### Task directions
Type out the listing below exactly. Pictures stay out of it.

### Collected data
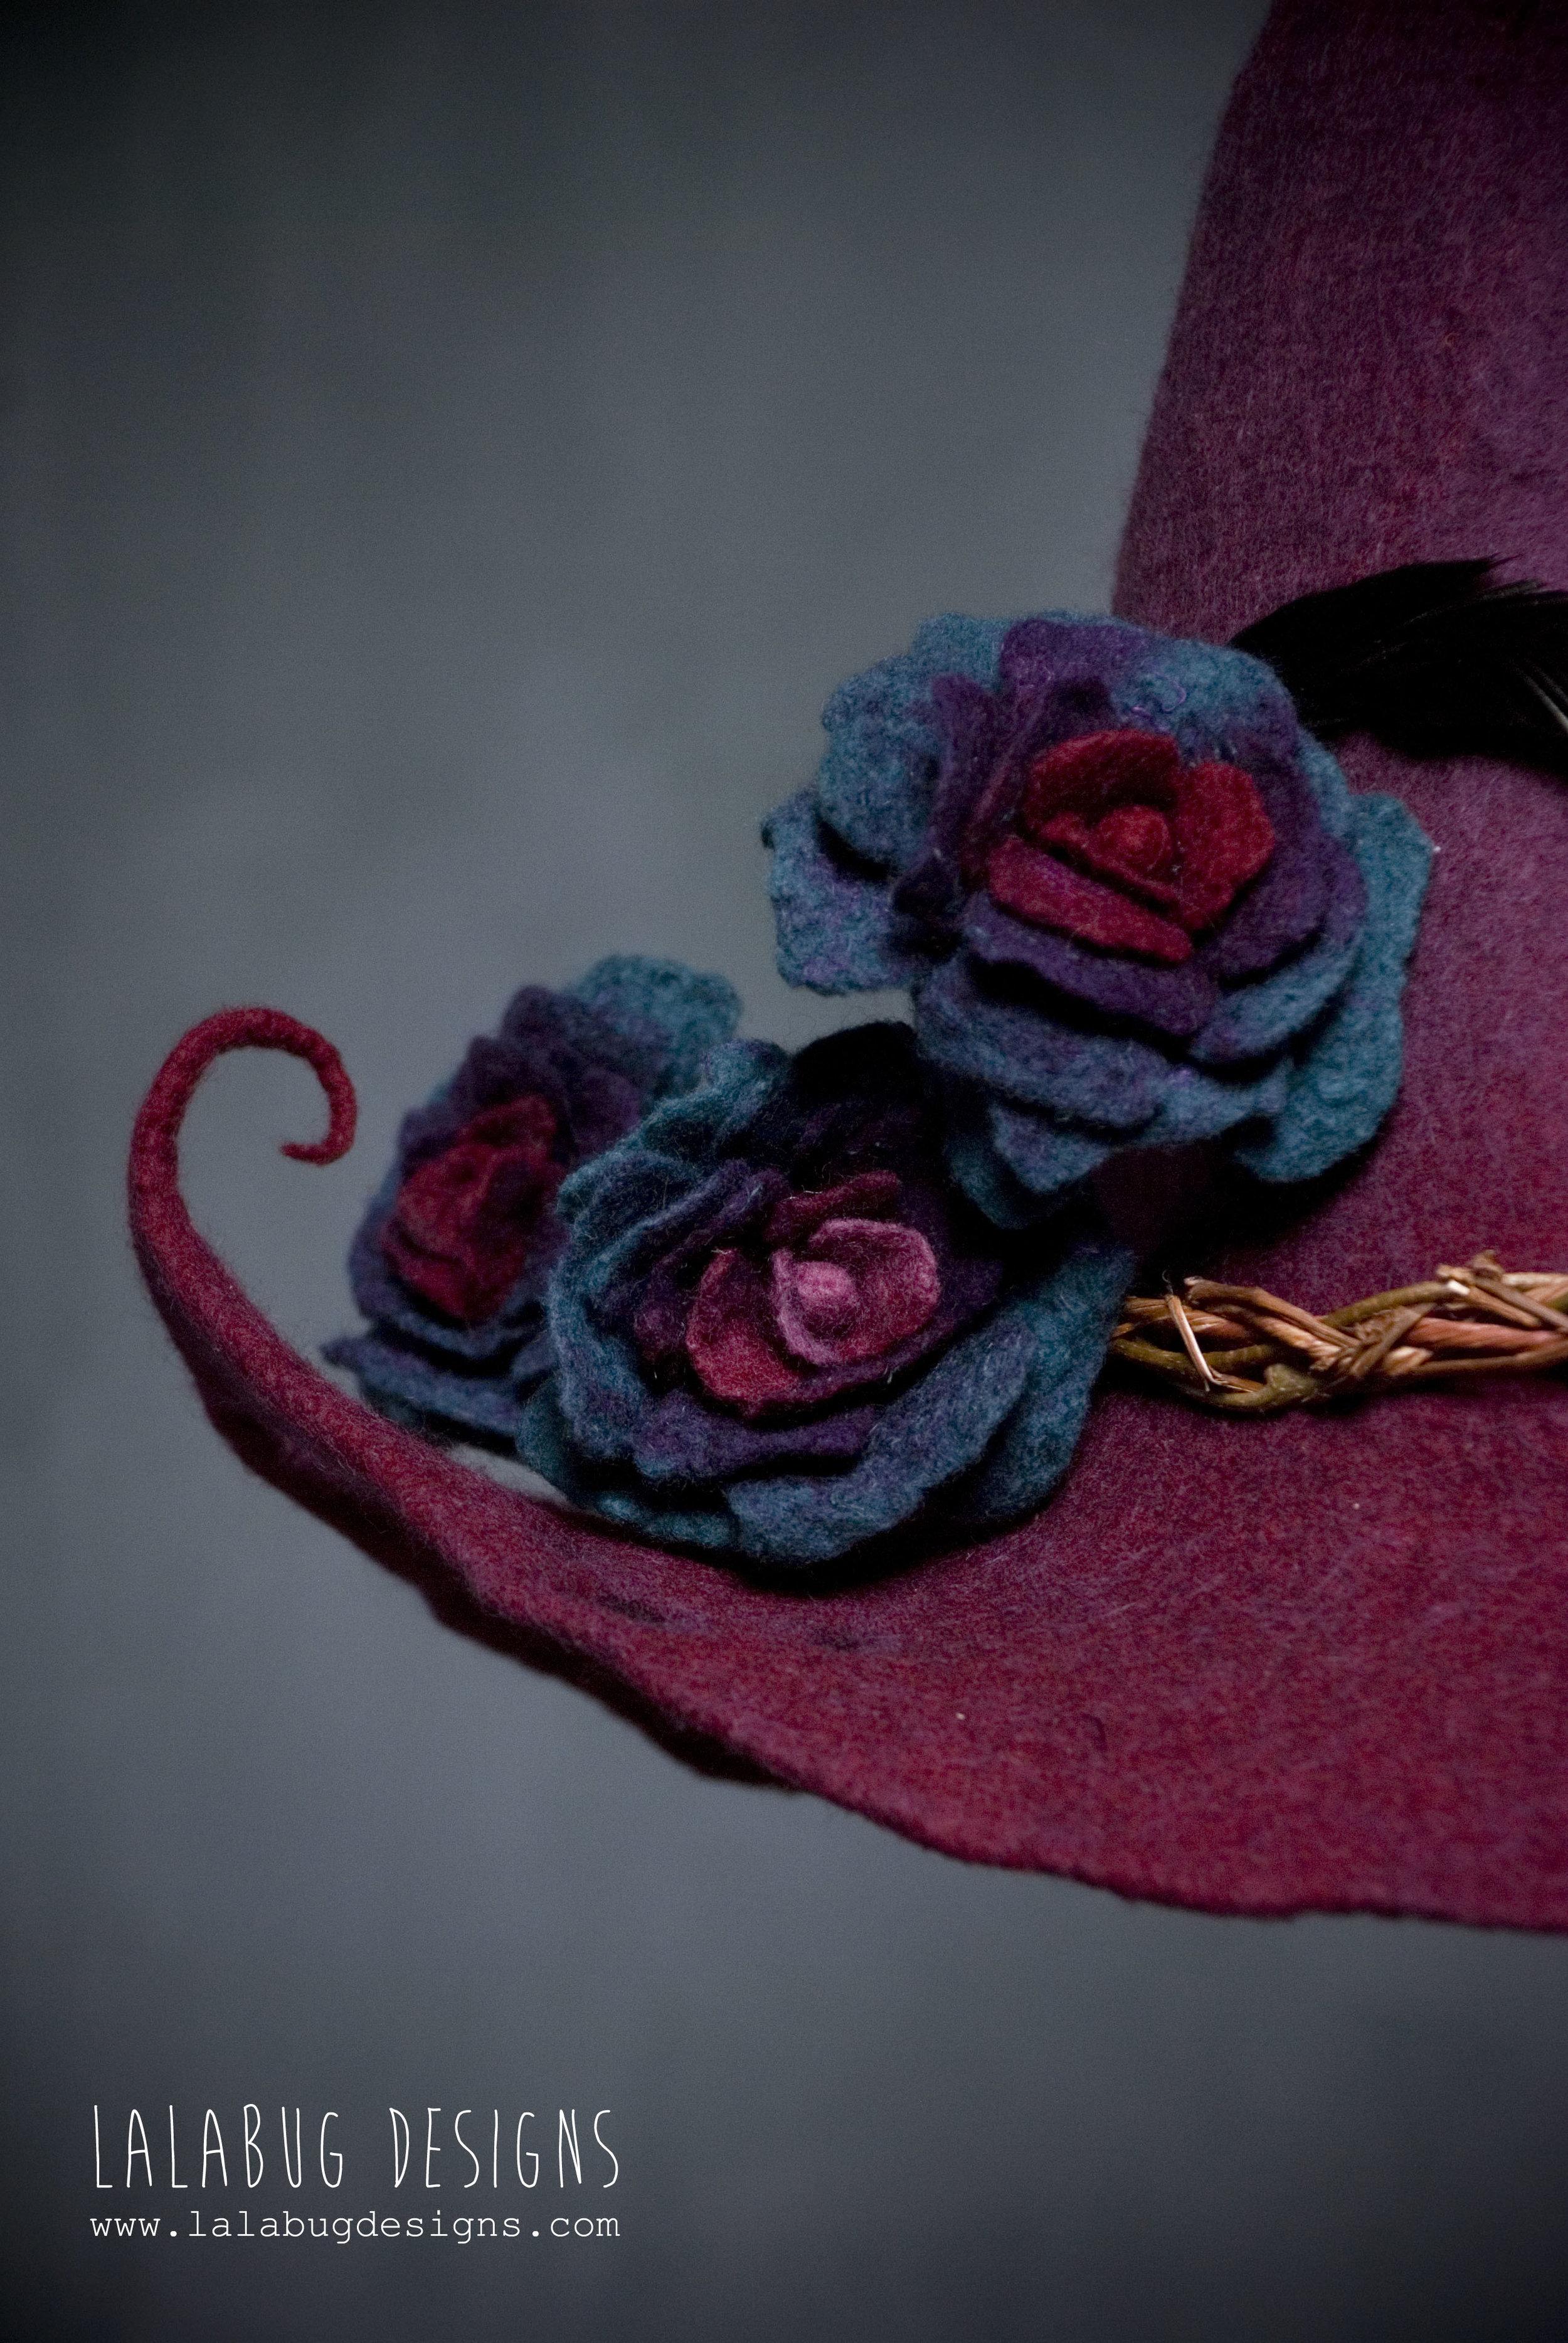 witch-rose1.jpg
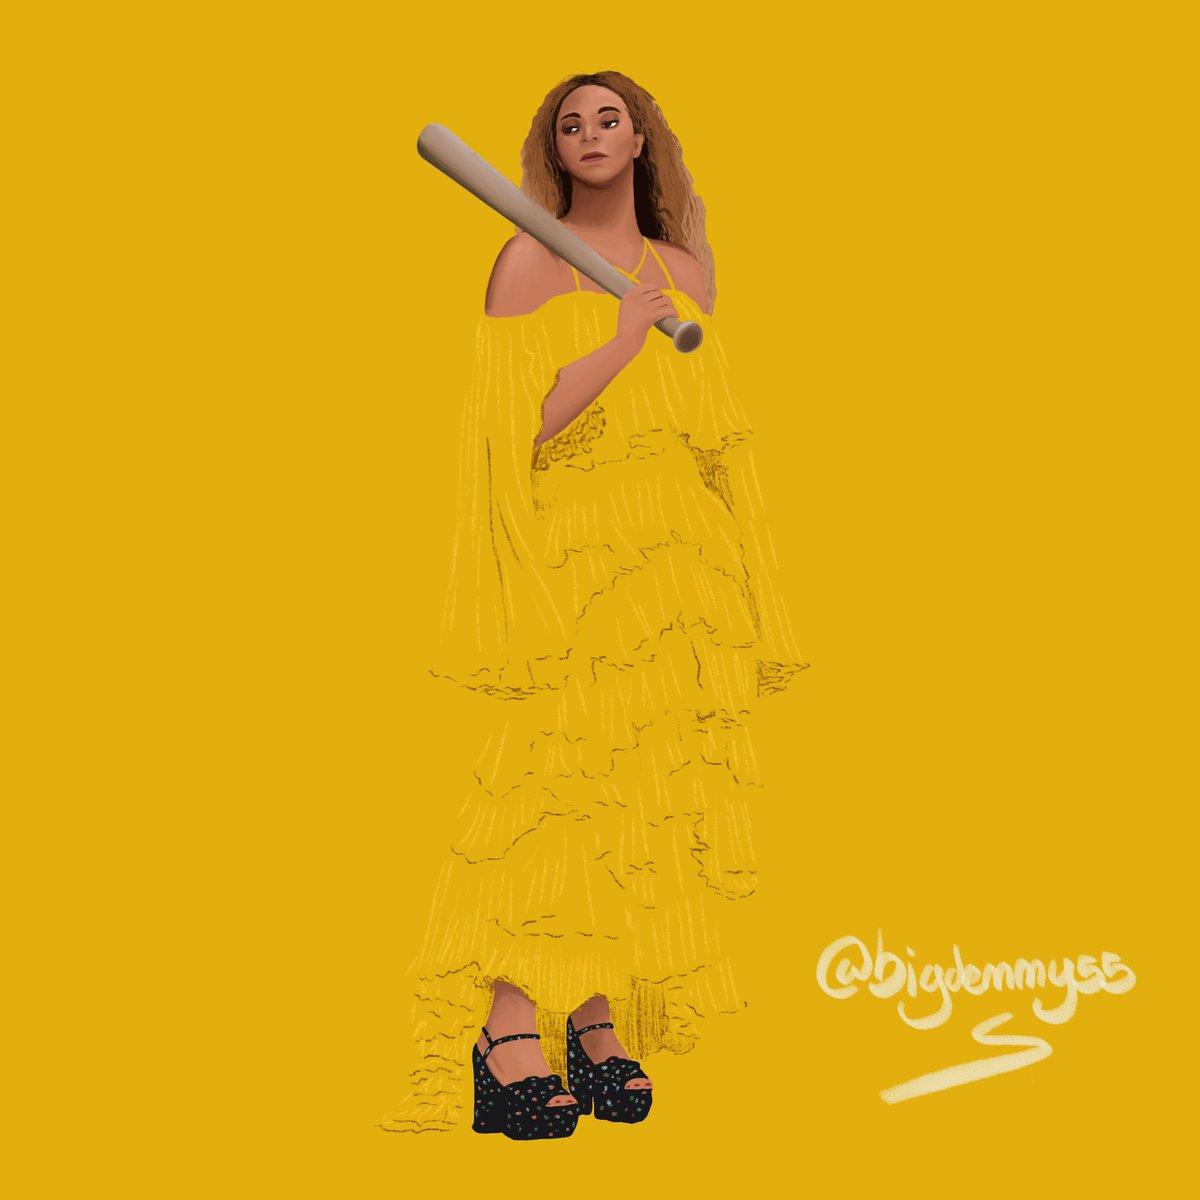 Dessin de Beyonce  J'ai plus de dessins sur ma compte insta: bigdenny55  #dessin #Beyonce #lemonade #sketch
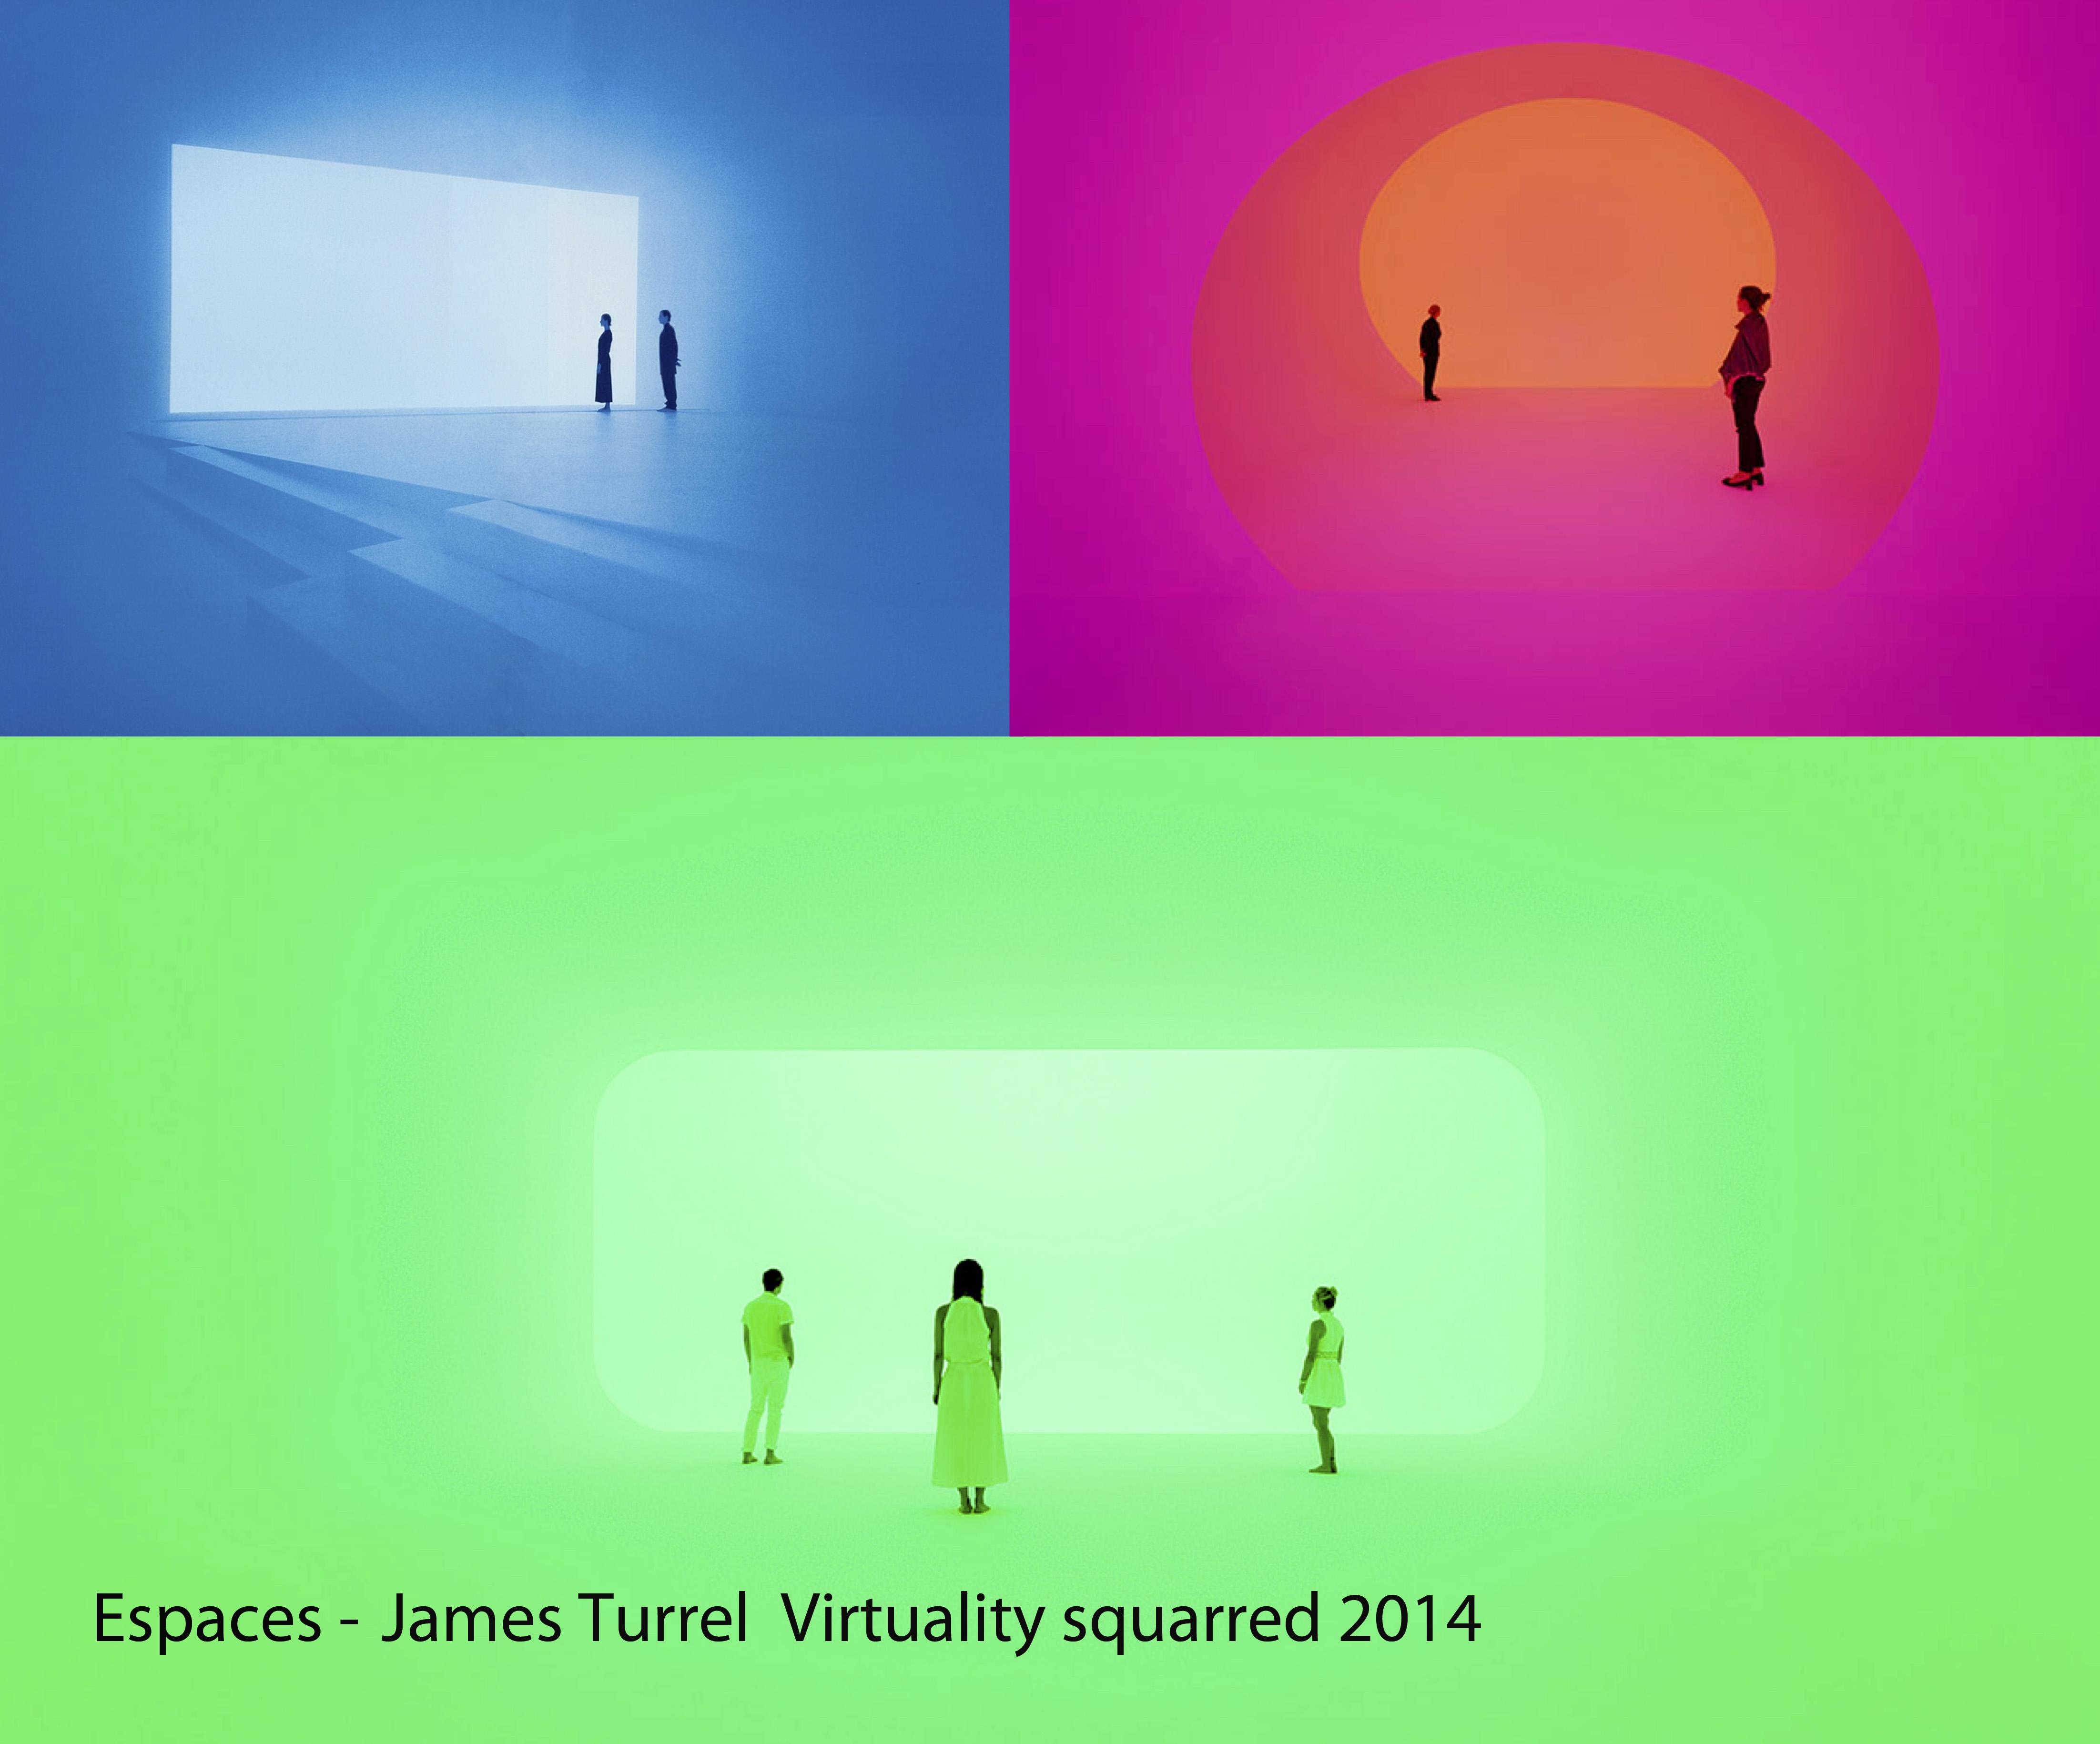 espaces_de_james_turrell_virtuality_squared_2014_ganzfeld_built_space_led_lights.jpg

### Exercise solution
 witch-rose1.jpg
 Dessin de Beyonce  J'ai plus de dessins sur ma compte insta: bigdenny55  #dessin #Beyonce #lemonade #sketch
 espaces_de_james_turrell_virtuality_squared_2014_ganzfeld_built_space_led_lights.jpg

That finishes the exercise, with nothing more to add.